It looks like McDonalds’ employees are less than happy with the famous golden arches. They are facing lawsuits in three states, all seeking class-action status. The complaints were filed in New York, Michigan, and California. New York has one complaint filed, while Michigan has two and three respectively.
Depending on the state, the claims alleged in the suits vary across an expanse of issues. In Michigan, McDonald’s is accused of using tracking/targeting software which monitors the ratio of labor costs to revenue percentages. If the ratio outnumbers the target, McDonald’s postpones employees from clocking in as to cut cost per revenue. Therefore, employees are at work, reporting to work, but not getting paid because McDonald’s is disallowing them from clocking in.

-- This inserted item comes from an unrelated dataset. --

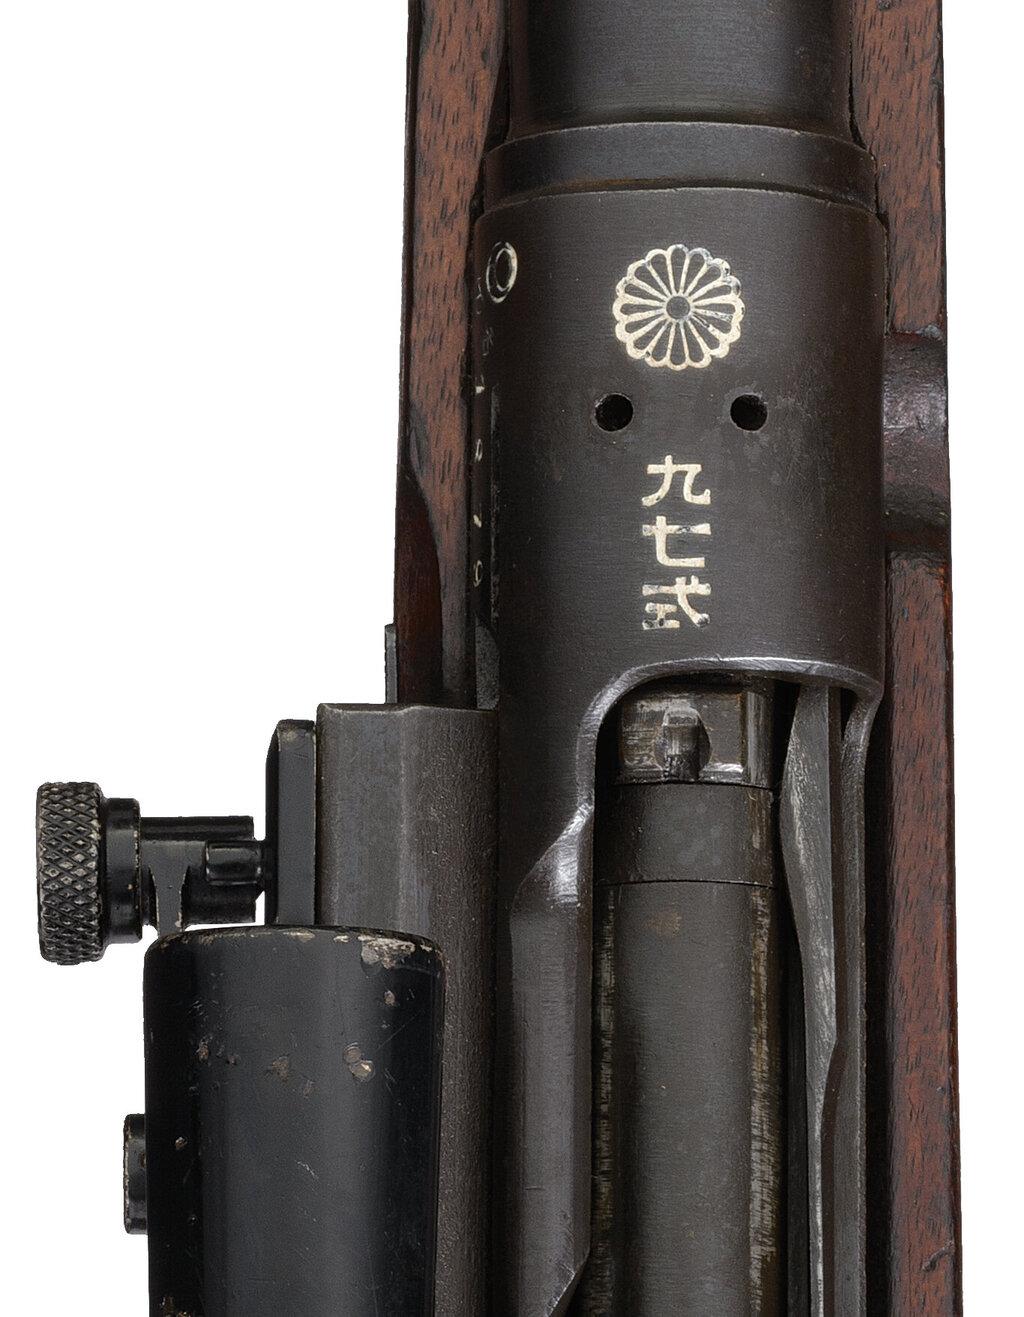 Japanese Nagoya Arsenal Type 97 Sniper Rifle with Scope

Other violations stem from uniform issues. We blogged about uniform issues previously, here.
New York alleges that McDonald’s did not reimburse employees for maintaining and cleaning their uniforms, and Michigan alleges they did not pay for uniforms at all, in violation of state law. California’s complaints entail the alteration of pay records and denial of rest breaks. Each rest break is subject to a premium if not provided by McDonald’s. Therefore, for every rest or meal break missed, the employee is entitled to an hour’s worth of pay.
Franchise owners and McDonald’s Corporate alike are named in the suits. Over 14,000 McDonald’s restaurants are franchised.